Goal of the exercise ->
Take the whole listing and reproduce it exactly, pictures excepted.

Source material ->
----------------------------------------

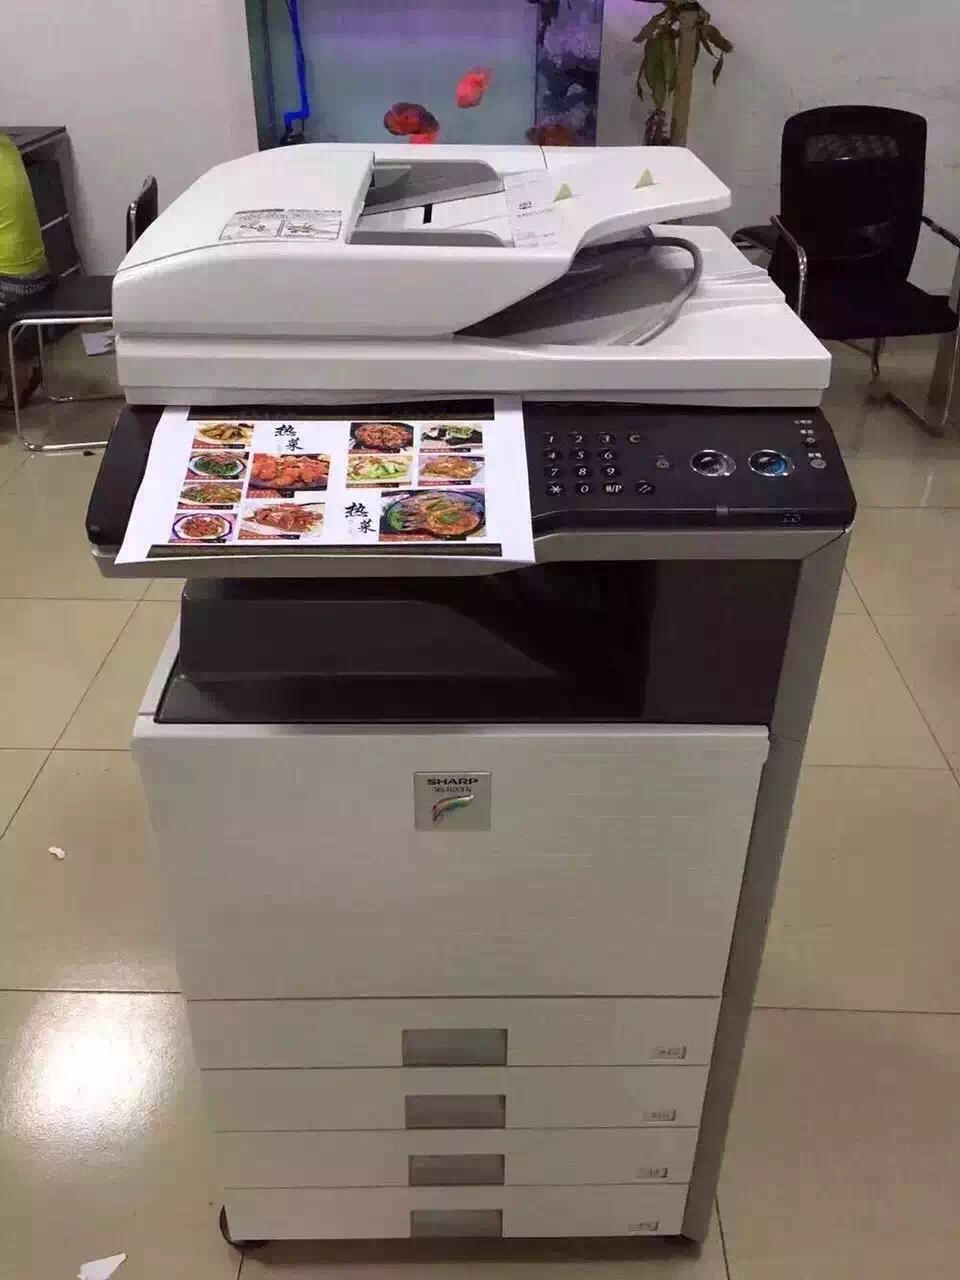 嘉兴复印机 打印机 一体机出租200元起,维修耗材全包
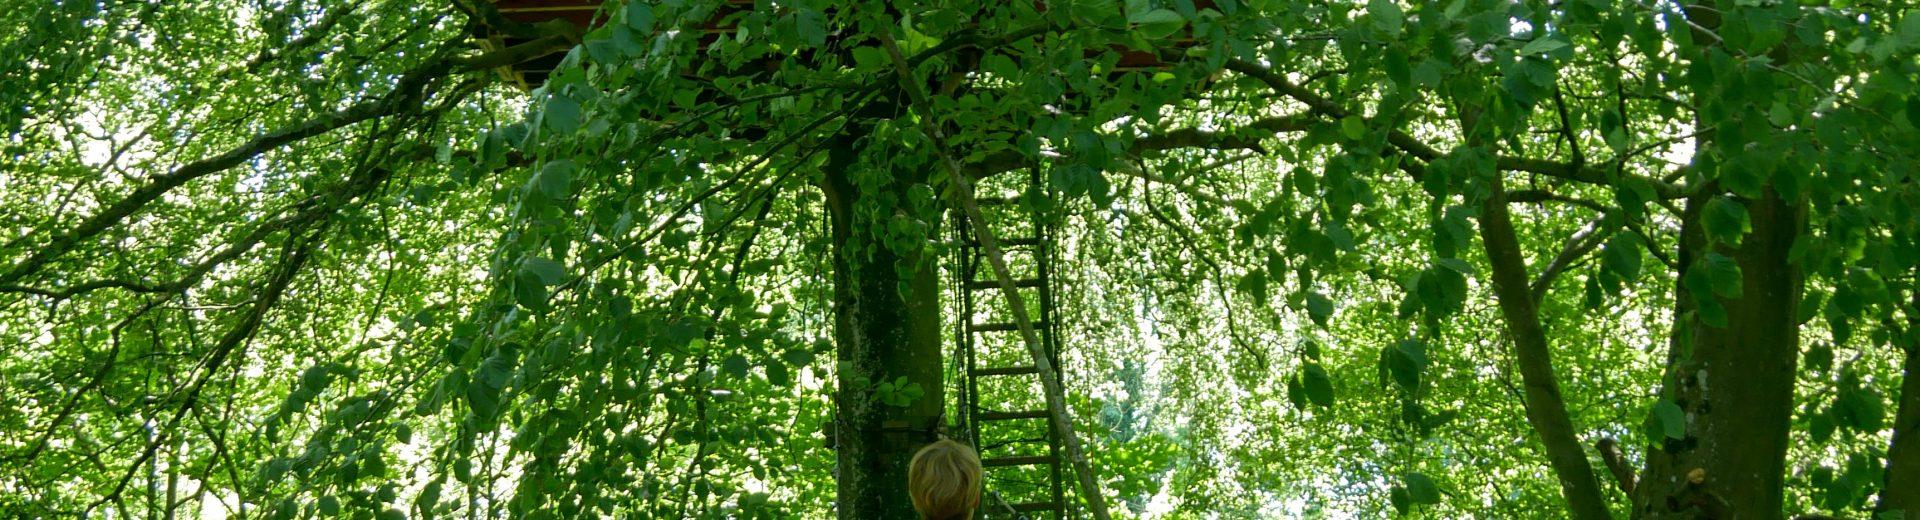 Domaine-de-Wail-Cabane-dans-les-arbres-4-©A.Chaput-Pas-de-Calais-Tourisme
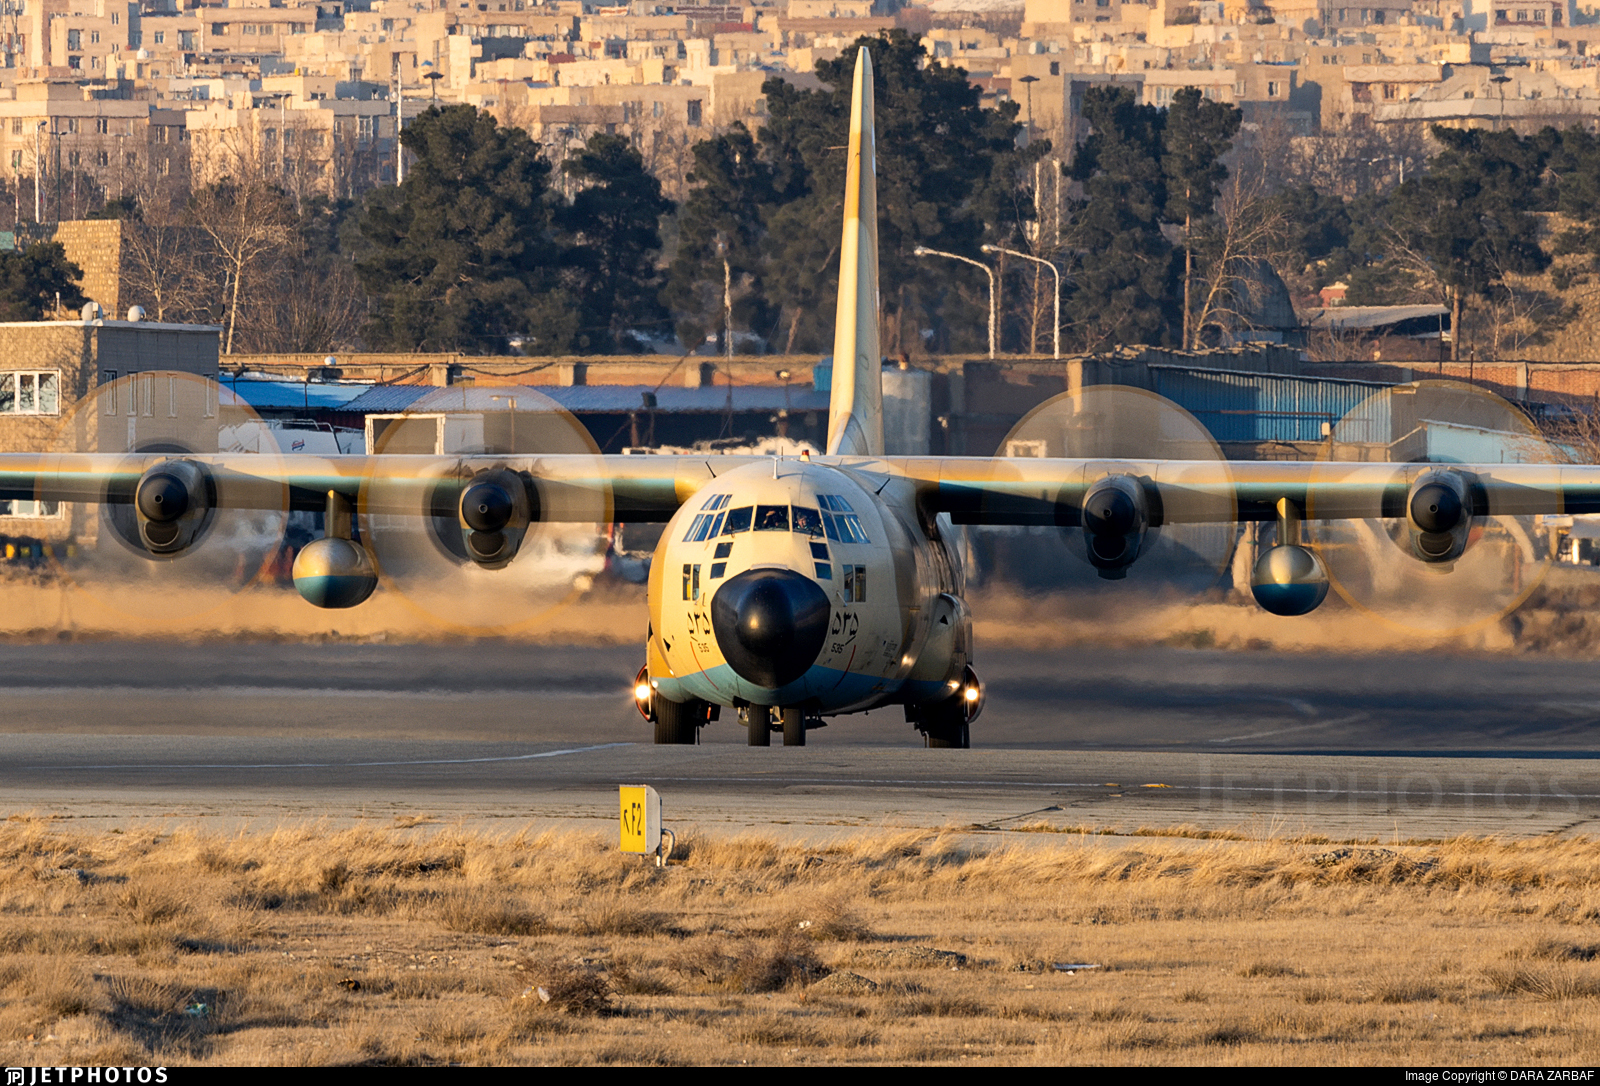 5-8508 - Lockheed C-130E Hercules - Iran - Air Force

----------------------------------------

Solution to the problem ->
 嘉兴复印机 打印机 一体机出租200元起,维修耗材全包
 Domaine-de-Wail-Cabane-dans-les-arbres-4-©A.Chaput-Pas-de-Calais-Tourisme
 5-8508 - Lockheed C-130E Hercules - Iran - Air Force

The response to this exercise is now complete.